Direct design of biquad filter cascades with deep learning by sampling random polynomials

TL;DR

This paper introduces a neural network-based method for directly designing biquad filter cascades by sampling random polynomials, achieving faster and more accurate filter coefficient estimation compared to traditional techniques.

Contribution

It presents a novel deep learning approach that maps target responses to filter coefficients, trained on diverse random filters for improved generalization and efficiency.

Findings

Faster filter design compared to traditional methods.

More accurate filter coefficient estimation.

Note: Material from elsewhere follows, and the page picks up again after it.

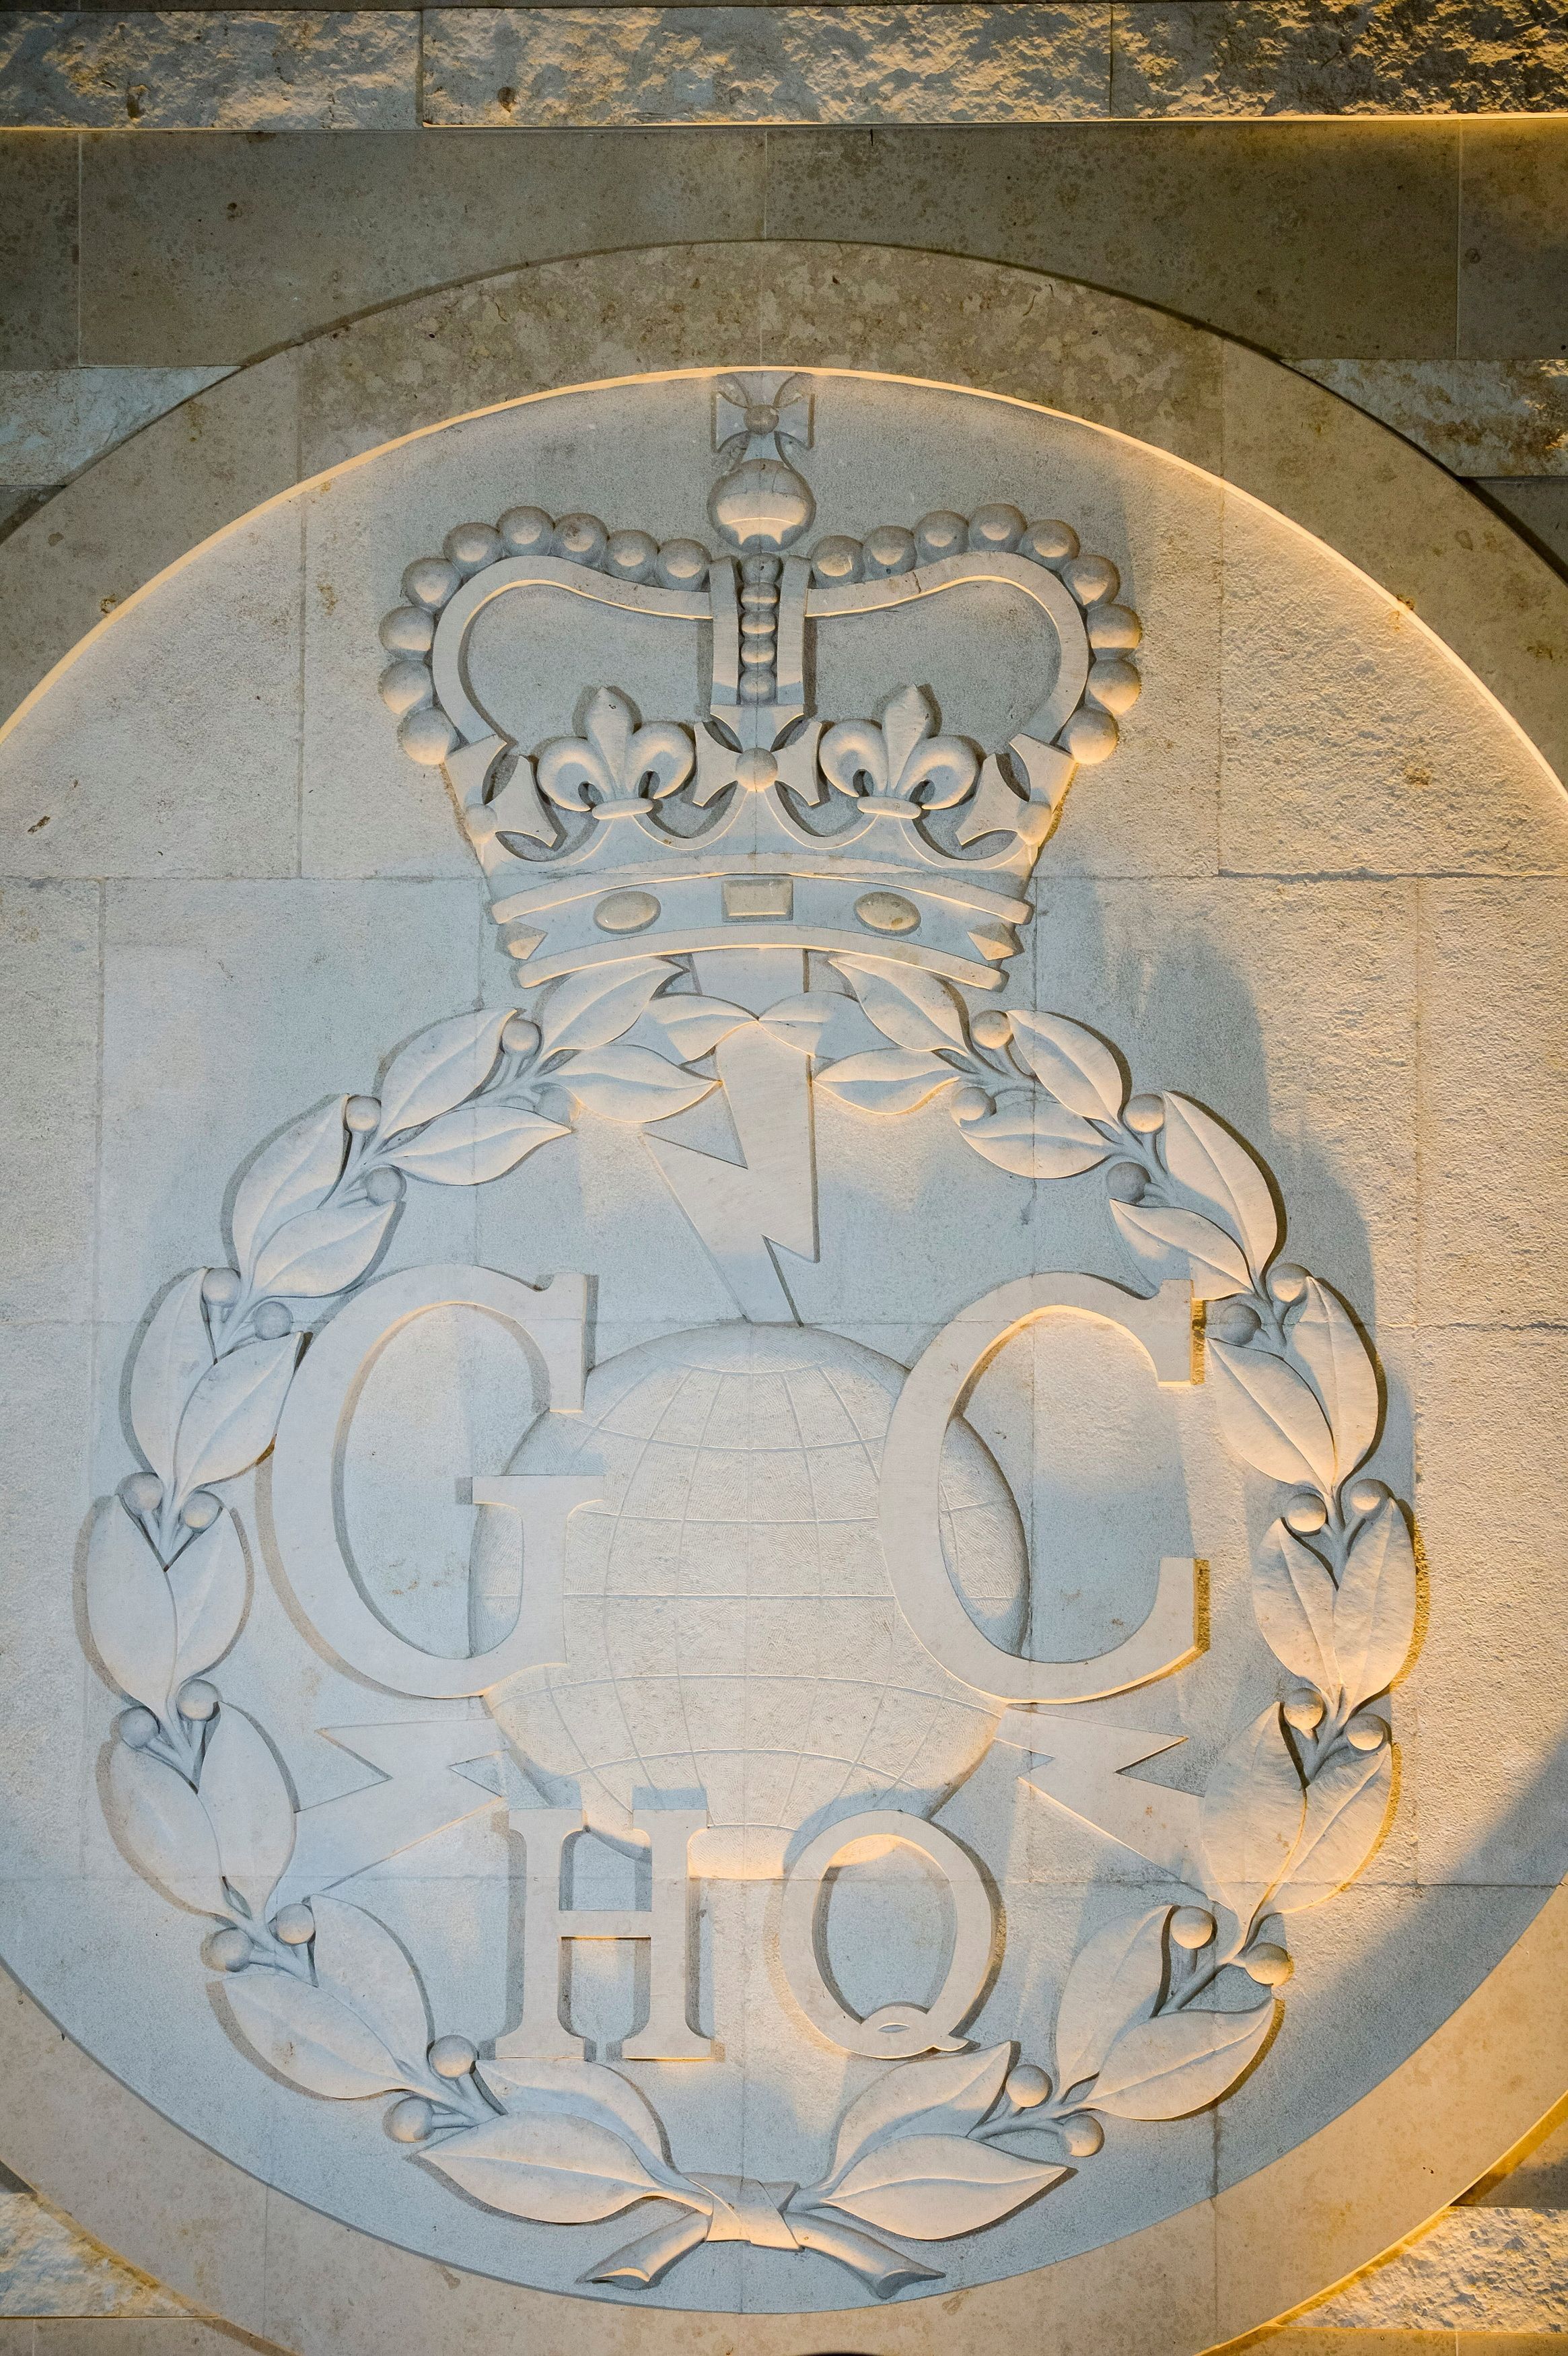 A GCHQ logo on a wall inside Britain's Government Communication Headquarters, in Cheltenham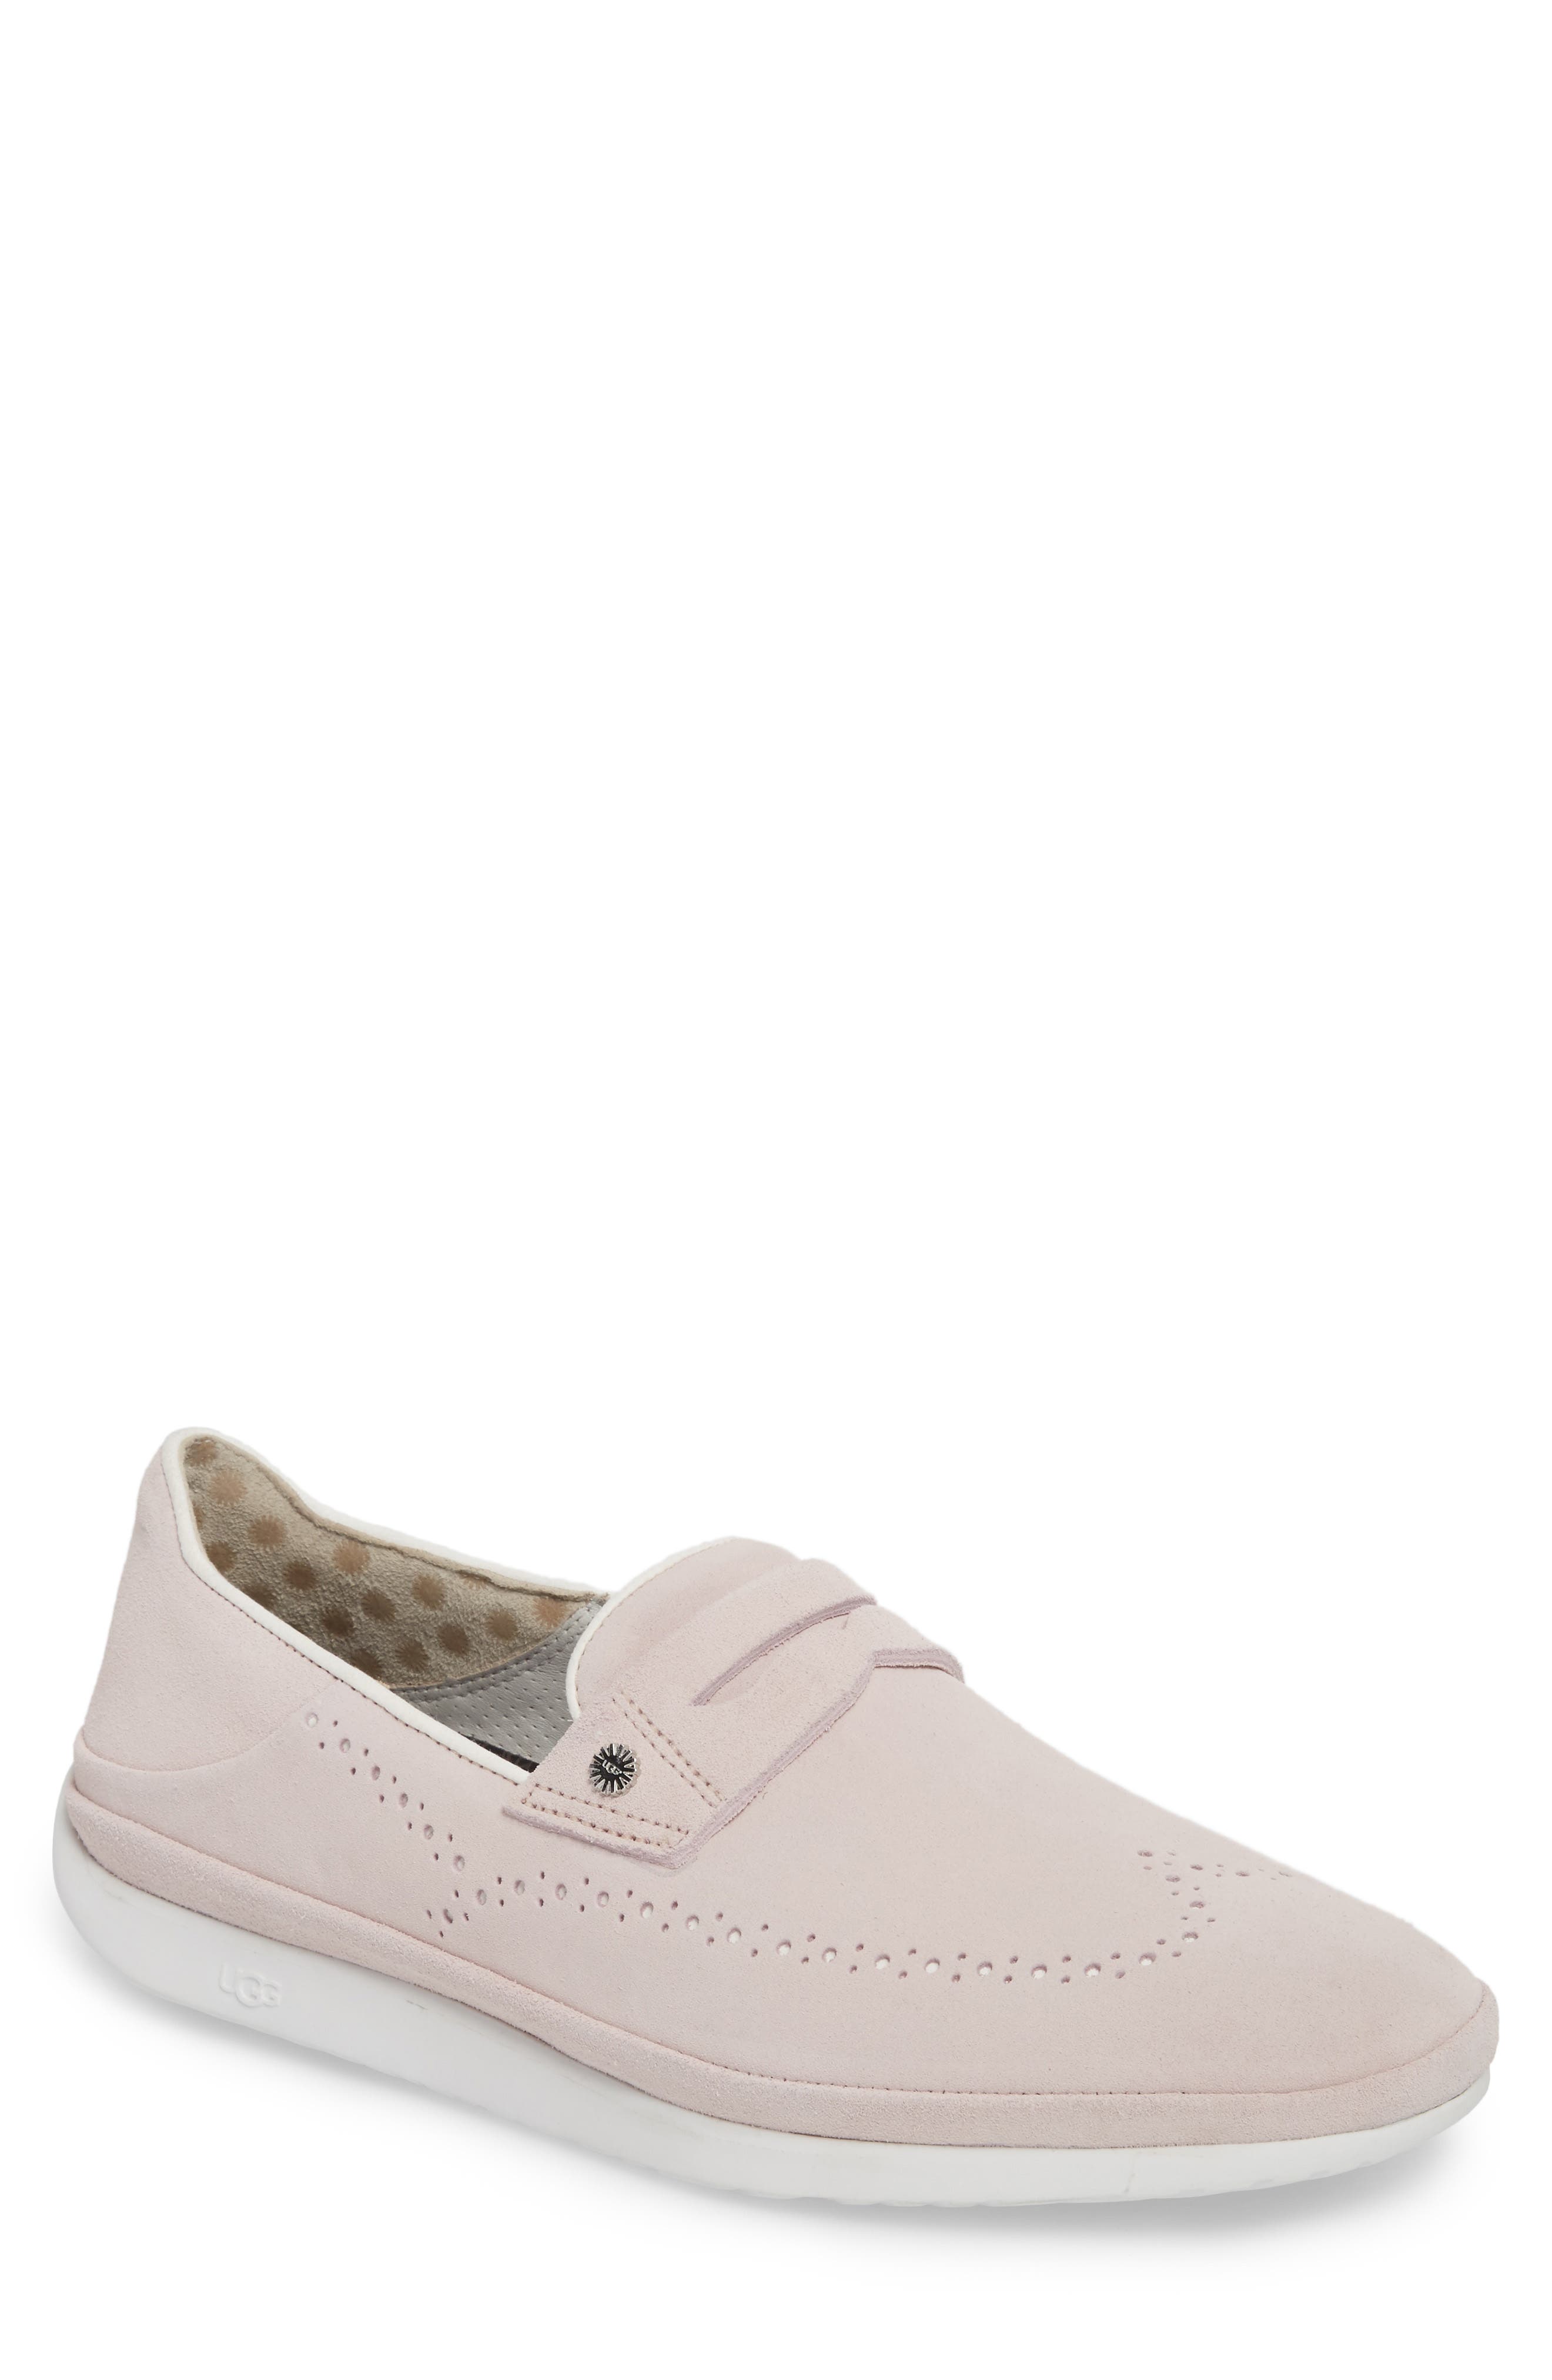 boys pink loafers

Better generalization to real-world filters.

Abstract

Designing infinite impulse response filters to match an arbitrary magnitude response requires specialized techniques. Methods like modified Yule-Walker are relatively efficient, but may not be sufficiently accurate in matching high order responses. On the other hand, iterative optimization techniques often enable superior performance, but come at the cost of longer run-times and are sensitive to initial conditions, requiring manual tuning. In this work, we address some of these limitations by learning a direct mapping from the target magnitude response to the filter coefficient space with a neural network trained on millions of random filters. We demonstrate our approach enables both fast and accurate estimation of filter coefficients given a desired response. We investigate training with different families of random filters, and find training with a variety of filter families enables better generalization when estimating real-world filters, using head-related transfer functions and guitar cabinets as case studies. We compare our method against existing methods including modified Yule-Walker and gradient descent and show our approach is, on average, both faster and more accurate.